Submitted to: Enzyme and Microbial Technology
Publication Type: Peer Reviewed Journal
Publication Acceptance Date: 10/25/2011
Publication Date: 7/17/2012
Citation: Moon, J., Liu, Z. 2012. Protein engineering of GRE2 from Saccharomyces cerevisiae for enhanced detoxification of 5-hydroxymethylfurfural. Enzyme and Microbial Technology. 50:115-120.
Interpretive Summary: Lignocellulosic biomass conversion to ethanol requires a pretreatment of the biomass prior to enzymatic hydrolysis in order to be utilized for microbial growth and fermentation. Dilute acid hydrolysis is among the commonly applied biomass pretreatment procedures but generates numerous inhibitory compounds. Furfural and 5-hydroxymethylfurfural (HMF), derived from dehydration of pentoses and hexoses during the biomass pretreatment, are representative inhibitors in hydrolysates that inhibit microbial growth and interfere with subsequent fermentation. Inhibitors furfural and HMF can be detoxified in situ by tolerant yeast strains. GRE2 of yeast is a stress tolerant core gene possessing moderate aldehyde reduction activities. Using directed enzyme evolution and reverse engineering methods, we modified the genetic code of the enzyme and generated mutations displaying improved detoxification capability. We also demonstrated that specific genetic codes affect different cofactor preference for the enzyme reduction activities. This is the first example of application of enzyme evolution for improved detoxification of furfural and HMF by yeasts. Outcomes of this study will aid efforts in dissection of mechanisms of inhibitor-stress tolerance and tolerant strain development.

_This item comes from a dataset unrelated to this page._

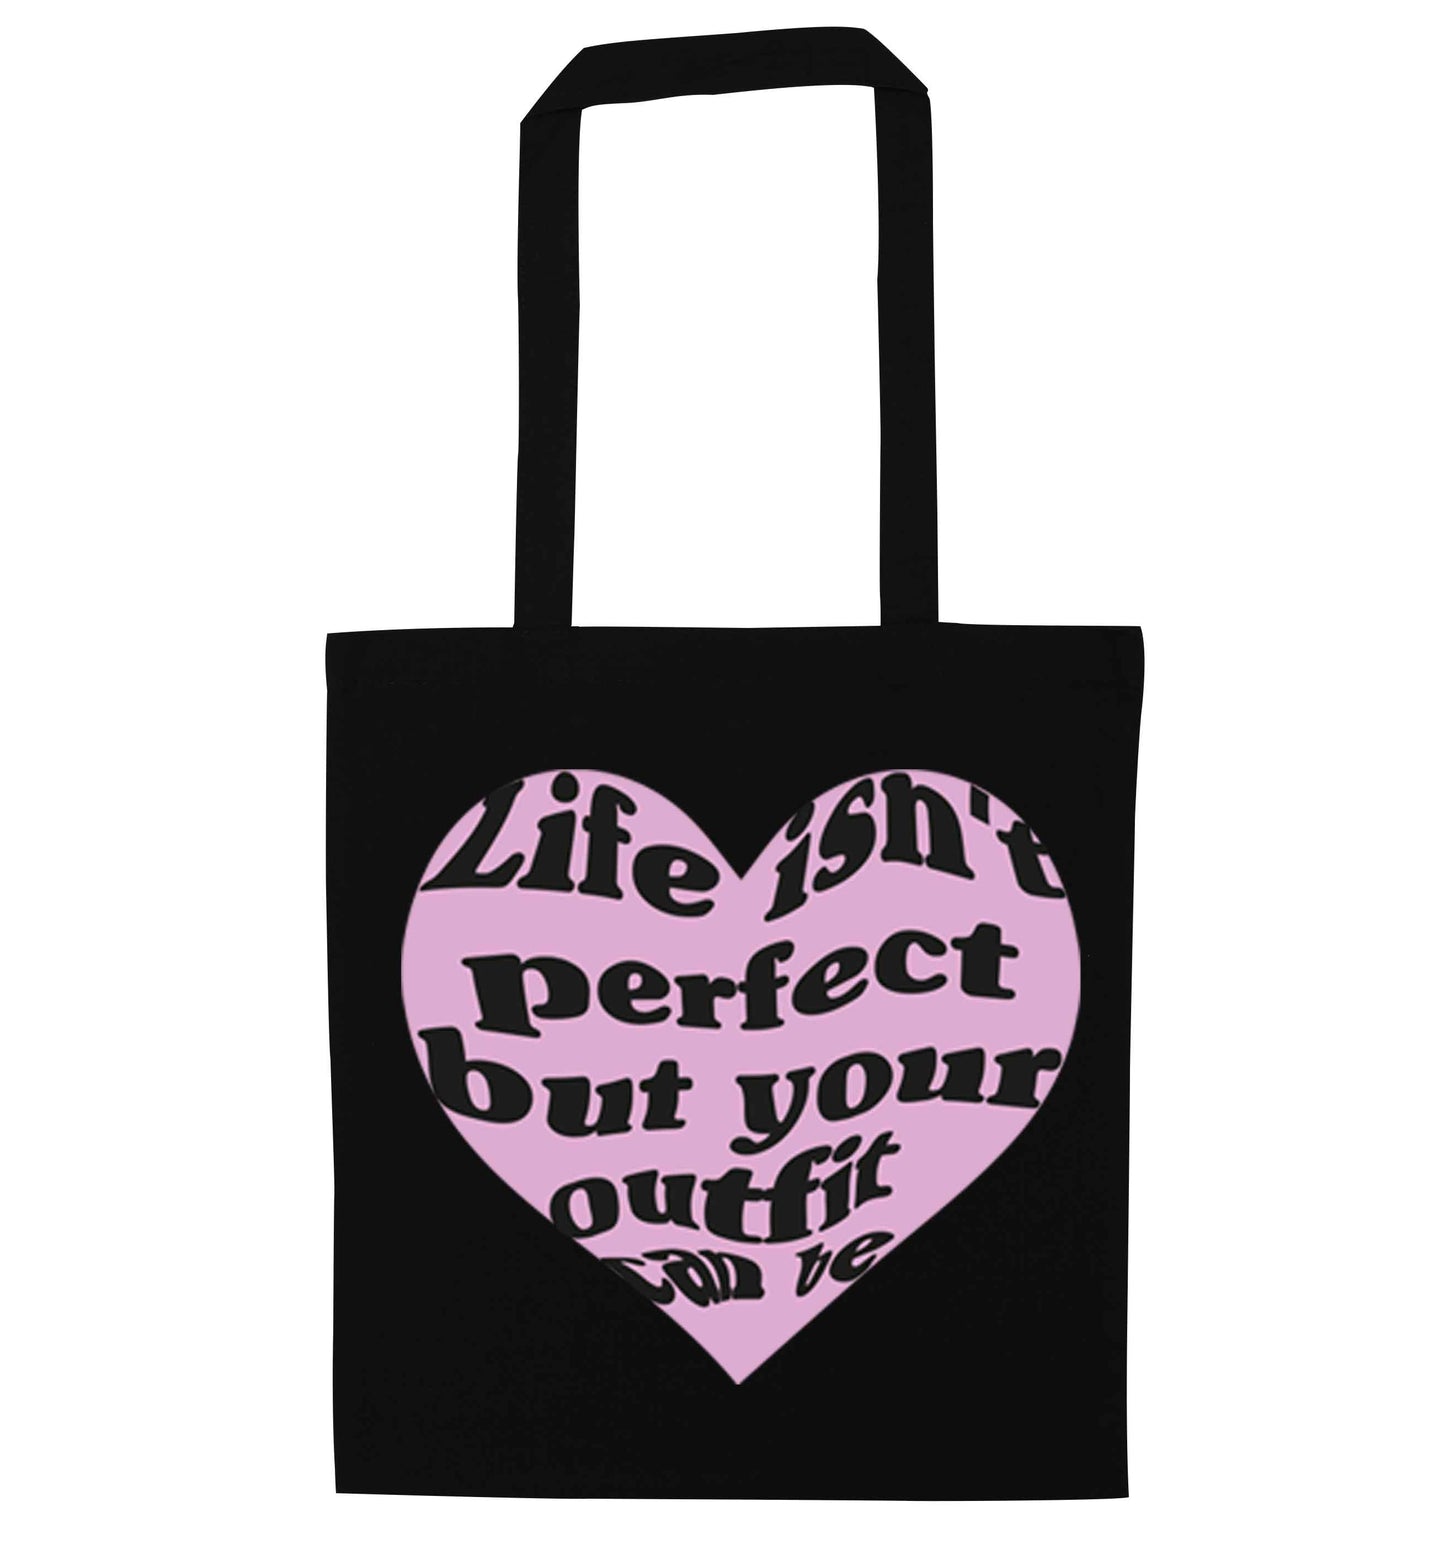 Life isn't perfect but your outfit can be black tote bag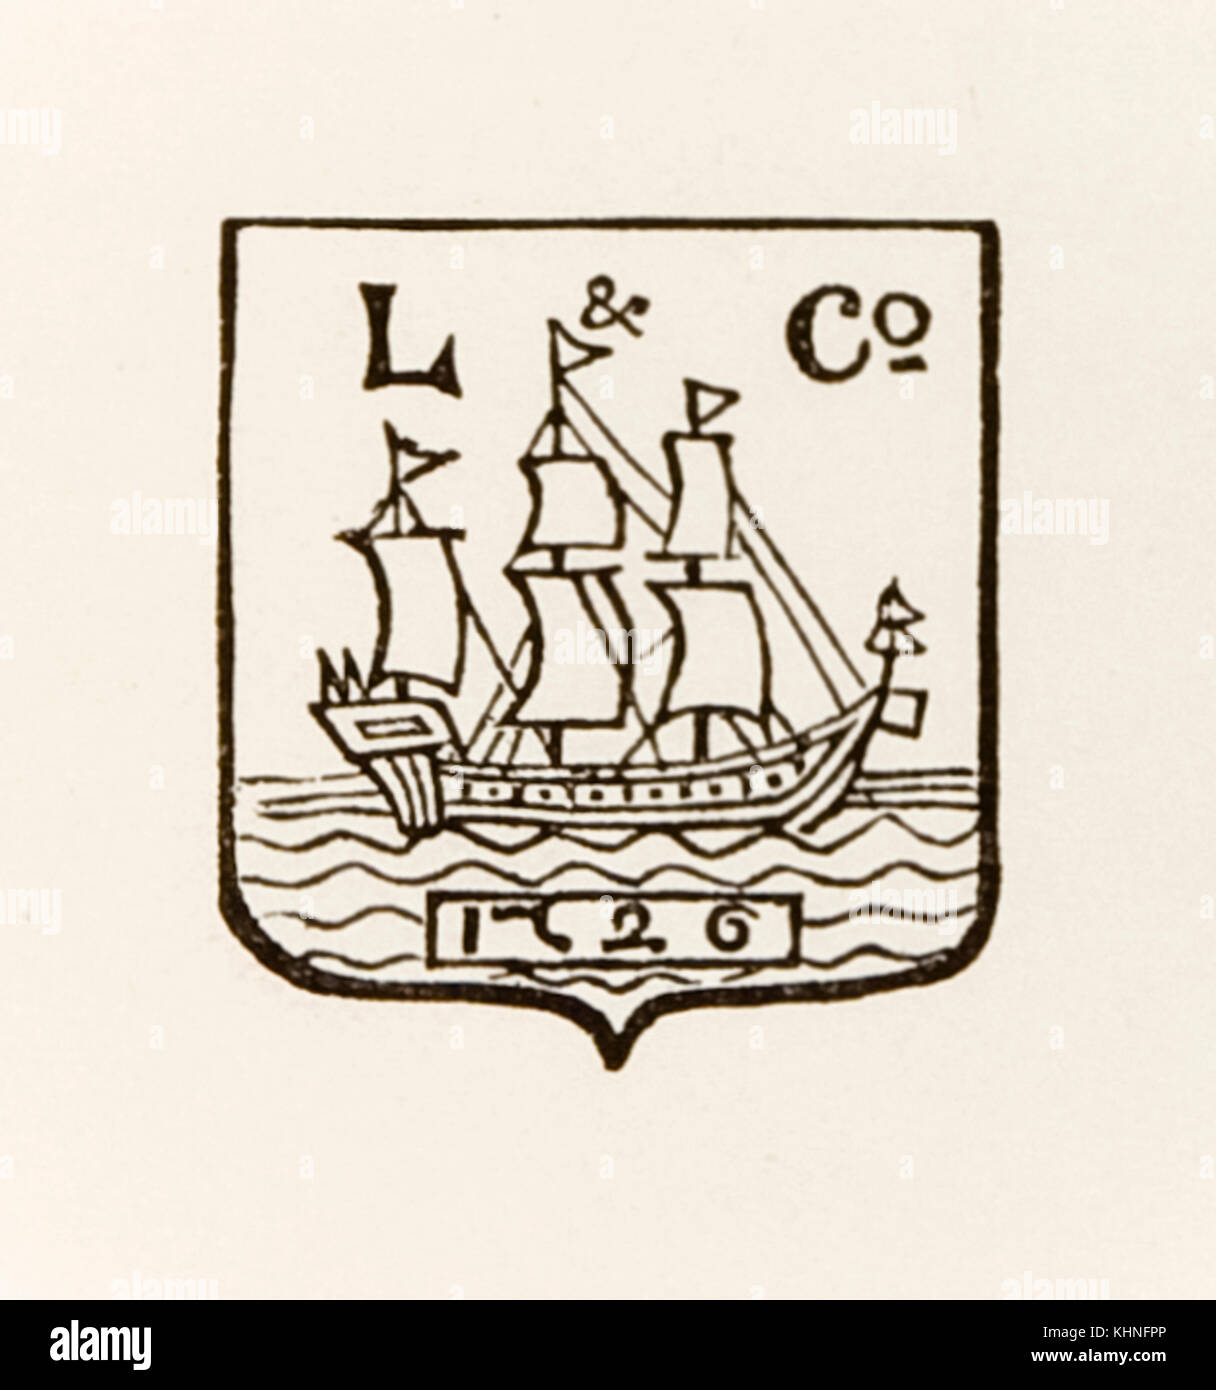 L & Co Ship 1726 logo used by Longmans Green and Company (now ‘Longmans’) as its publisher's or printer’s device from around 1880. The ship was chosen as the company’s founder Thomas Longman purchased an existing publishing house and began operating out of a shop called ‘The Ship’ in Paternoster Road in 1726. See more information below. Stock Photo

Technical Abstract: Furfural and 5-hydroxymethylfurfural (HMF) are representative inhibitors generated by lignocellulosic biomass pretreatment such as dilute acid hydrolysis that inhibit microbial growth and interfere with subsequent fermentation. It is possible to in situ detoxify these inhibitory compounds using tolerant Saccharomyces cerevisiae by aldehyde reductions. YOL151W (GRE2) is a commonly recognized up-regulated gene by stress conditions with reductase activities toward furfural and HMF using cofactor nicotamide adenine dinucleotdie hydride (NADH). Applying directed enzyme evolution approach, we engineered genetic code of the GRE2 yielding two mutants with amino acid substitutions of Gln261 to Arg261 and Phe283 to Leu283; and Ile107 to Val107, Gln261 to Arg261, and Val285 to Asp285 for Y62-C11 and Y62-G6, respectively. Clones of these mutants showed a better growth rate and were able to establish a viable culture under 30mM HMF challenges as an initial inoculum compared with a wild type GRE2 clone on a synthetic medium. Compared with the wild type control, crude cell extracts of the mutants showed 3- to 4-fold and 3- to 9-fold increased specific enzyme activity using NADH toward HMF and furfural, respectively. While remaining its aldyhyde reduction activities using cofactor NADH, mutant Y62-G6 displayed significantly higher reductase activities using an additional cofactor NADPH with 13- and 15-fold increase toward furfural and HMF, respectively, as measured by its partially purified protein. Confirmed by using reverse engineering and site directed mutagenesis, we conclude that the amino acid substitution of the Asp285 is responsible for the increased enzyme activities by utilizing the additional cofactor NAD phosphate hydride (NADPH).